People thought she was metal, crazy, even to get rid of a perfectly functioning
arm…but you know, I can feel for her. You can’t simply anesthetize pain like
that. That thing that feels like 150 pounds has to go…after all the pain it
caused…I can imagine. And you know…she is a woman of such incredible dignity.
She is in such pain, but she never shows it. You can see it clearly in her eyes
though, but she never shows it. She is one of those people who does not believe
in causing a fuss and inviting people to gape at her. She bears the burden of
her pain with such dignity…I have to respect that.’
I
listened with awe.
‘One day, she called me over and
asked me to move her arm an inch. Every time I moved her arm, the pain was like
fire to her. I stood there and said I didn’t want to be her caregiver anymore.’
‘Why, Annie, Why?’ the old
professor burst into tears, ‘Why? Even you are
leaving me? You are the only thing closest to me like this, please don’t leave
me! You can’t handle me can you? Do
I ask you to do too much?’
‘It’s not that,
god bless your soul, ma’am!’ I said, ‘Don’t mistake me. It is this pain that I
can do nothing to help you that is affecting me.’
It was
a touching moment.
‘Any
patient—be it somebody with cancer or Alzheimer’s, is a person. And he should
be looked upon like a person. He is a person, and you should once at least try
to put yourself in his shoes. The simple act of sympathy, you know, is not so
difficult at all. You don’t need to see someone in trauma and on his death-bed
to be able to feel for him or see from his eyes.’ she said, and chewed her
lunch, as I chewed on her words.
‘True,’
I nodded.
‘Take
for instance, just today…a woman was anxiously waiting outside the OR for her
husband, he was a neuro case and they had cut open his brain. She couldn’t take
it, so she went outside the premises and started smoking a cigarette to calm
her nerves, and this insensitive lady walks by and says, ‘whatcya doin here
standin smokin like that? Don’t.’
That
woman almost had tears in her eyes and said, ‘If you knew what I was going
through, hell, you’d smoke a thousand cigarettes, so butt off.’

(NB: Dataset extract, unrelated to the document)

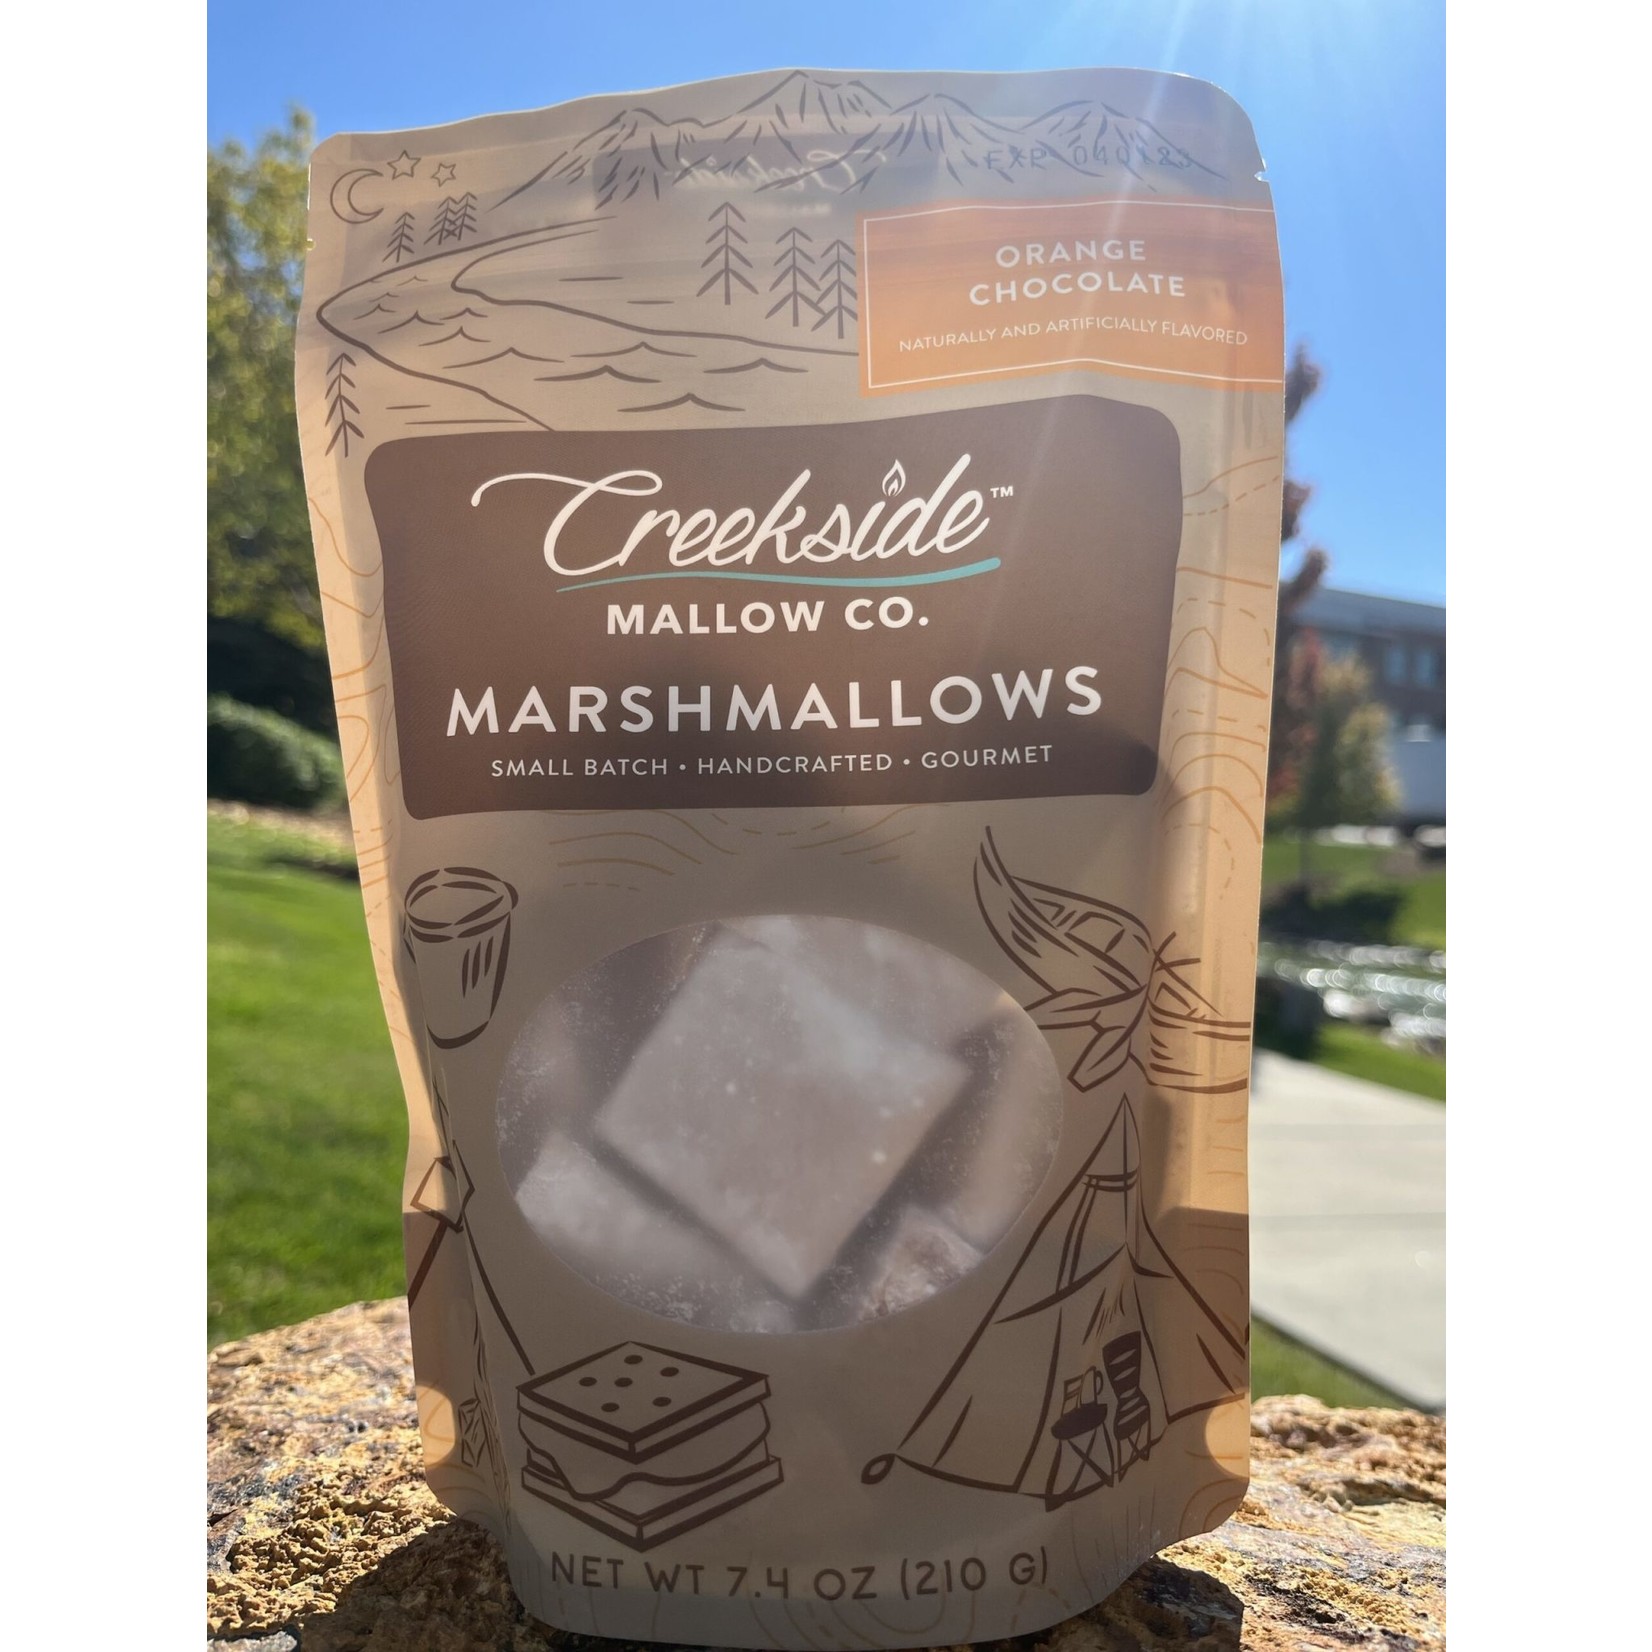 Creekside Mallow Co. / Fireside Mallow Co. Orange Chocolate Marshmallow Bag

“ Now, if someone is legally smoking outside and if someone tells you that,
you’d better take a second and try and deduce why she is thinking like that,
maybe a lot is going on in her life, right? But this lady just can’t see from
her perspective and tries to pick on the poor ol’ woman who is so stressed and is
devastated to see her husband like that…and she chooses this moment, this
moment when she is trying to calm down to pick a fight. This world is full of
morons like that. So I went up to the distraught woman and said, I did—hey, go on and have
another cigarette by all means, if it calms your nerves. Nothin’ bad’s gonna
happen, and don’t pay attention to people like that. I can understand what you
are going through. You see—people need support like that.”

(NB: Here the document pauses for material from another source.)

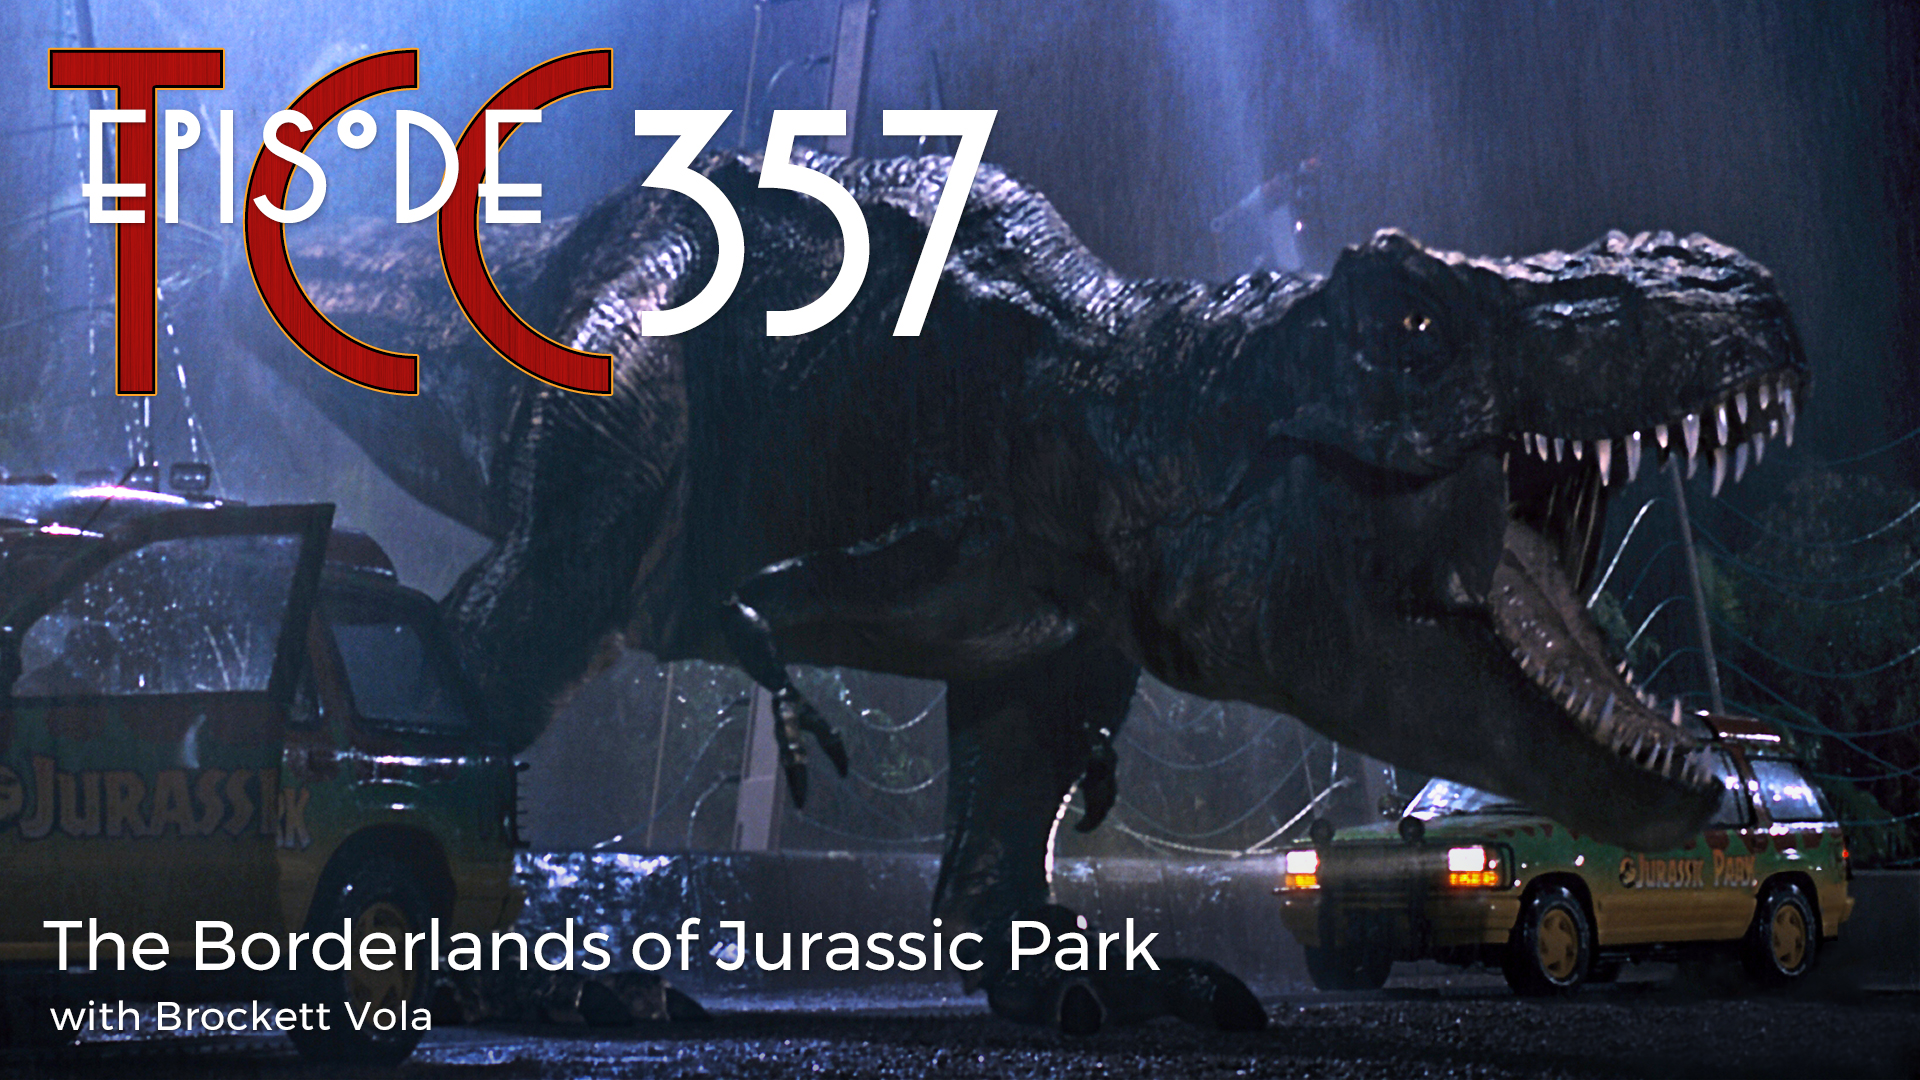 The Citadel Cafe 357: The Borderlands of Jurassic Park

It often takes just simple words to convey big things:
Nothing is going to happen. I can understand what you are going through.
Clearly, Annie knew that in her simple acts of kindness.
I was
utterly blown and I didn’t know what to say. I just stared at this wonderful
person. This world needed people like her.
It was
time to go.
‘I’m
Annie by the way,’ she shook my hand, ‘And now I’m going to go have a cigarette
some place nice, if you don’t mind. My own nerves sometimes need calming too,
you know. To work like this can be interesting, and I work long hours.’
And here she is, helping everybody out, and nobody is here to
ask her if her nerves are calm too, I thought. She was an unapplauded
kind of hero in this space. But of course, she didn’t mind that. She was
satisfied where she was, and that made her heart beautiful.
How many Annies have you seen in your life?